The behemoth inflatable Santa eclipsed their view, and when they finally broke away, the crowd of spectators had vanished. Slush burbled under their tires. Jada tried to force the Mazda to straddle the shoulder, vying for solid ground.

Thick mud roiled under their headlights. Jada yanked the wheel to get them back onto the road. A body thudded off her door. They glimpsed a costume, sparkling green, before it was lost in the rearview mirror.

“Oh my god, oh my god, I hit someone—” Jada babbled.

Christine tugged at her elbow, pointing out the passenger window. “Do you see that?”

Jada risked taking her eyes off the road. The field to their right shone in the dark, slick black like oily asphalt. Like a mirror, like water. Not just melted snow now, but a rancid flood vomiting out of the dead earth. It lapped at their tires.

In the center of the road, a foul geyser sprayed from a pothole. A dancer gamboled into the fountain and was swallowed up. Jada desperately punched the button to turn the air to the cabin off before the stench made her wretch.

They careened back into town, scraping past parked cars. The parade crashed through Main Street like an avalanche. The festival tents had been swept aside. Red, green, and white canvas clung to the brownstone buildings like scabs, jumbled up with contorted frames and strings of lights.

Revelers still milled between the tents. Shoulder-to-shoulder, their white masks flashing like bared teeth as sludgy water gushed up their legs. A woman pulled her mask aside and sank to her knees. She lowered her face and the tide swelled to meet her. Her head disappeared beneath spume that flecked the masks of her fellows with greasy smears.

The stench was soaking through the Mazda’s floor. This wasn’t just the poison that the village had failed to purge from their homes. Christine knew in her gut that this was the same odious rot that choked the fields. She dropped her phone and pulled her feet up onto her seat.

Ice drenched Jada’s boots. The Mazda wouldn’t obey her. She spun the wheel hard, but the flood carried them off the road. The crowd sent up a cheer.

They smashed into the bar. The window spiderwebbed over with cracks. Jada screamed. The swelling flood retreated, churned, and returned in a wave. They hit the window like a hammer, again and again.

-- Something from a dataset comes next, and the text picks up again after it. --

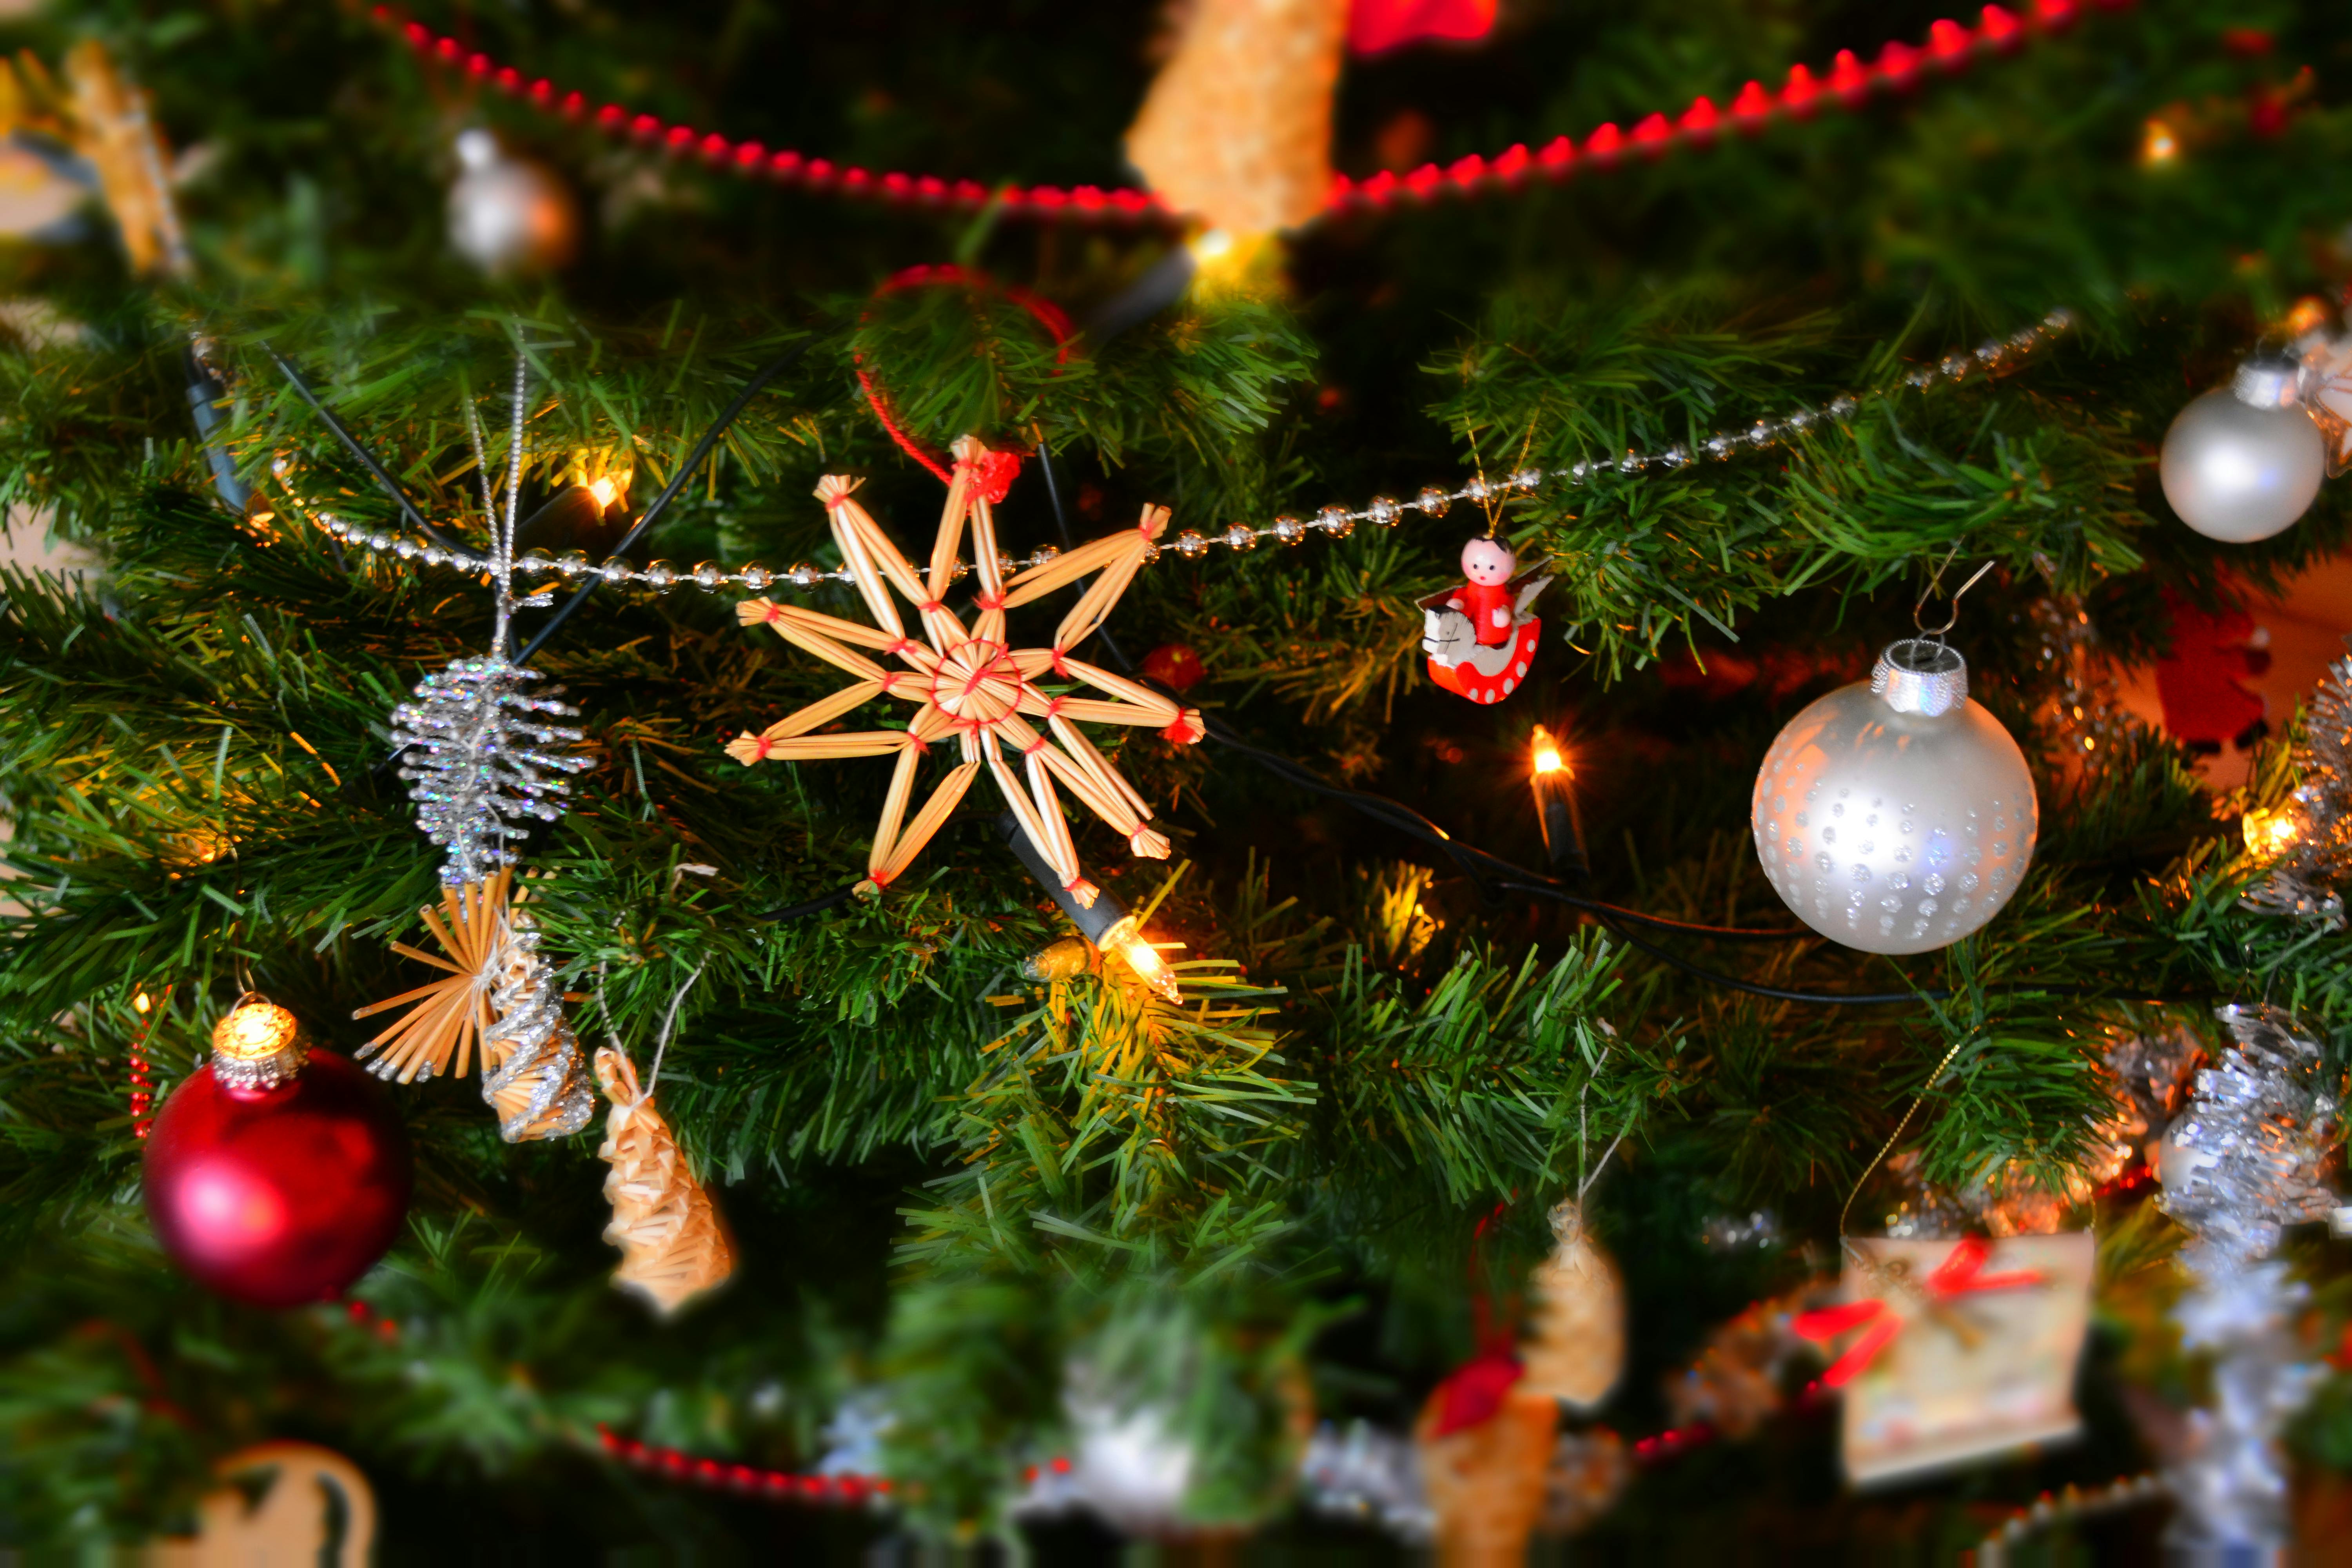 Ornaments hanging on a tree

Something caught on the passenger door and yanked. Too late, Christine reached for the lock. A hand wrapped around her wrist. A wall of fetid water slammed into the door, tearing it off.

The last thing Jada saw before the cabin flooded was Christine, her mouth open in shock as corpse-pale hands dragged her out of her seat. Beyond her, a new river surged, the masked revelers standing rooted amidst the currents as black waters closed over their heads.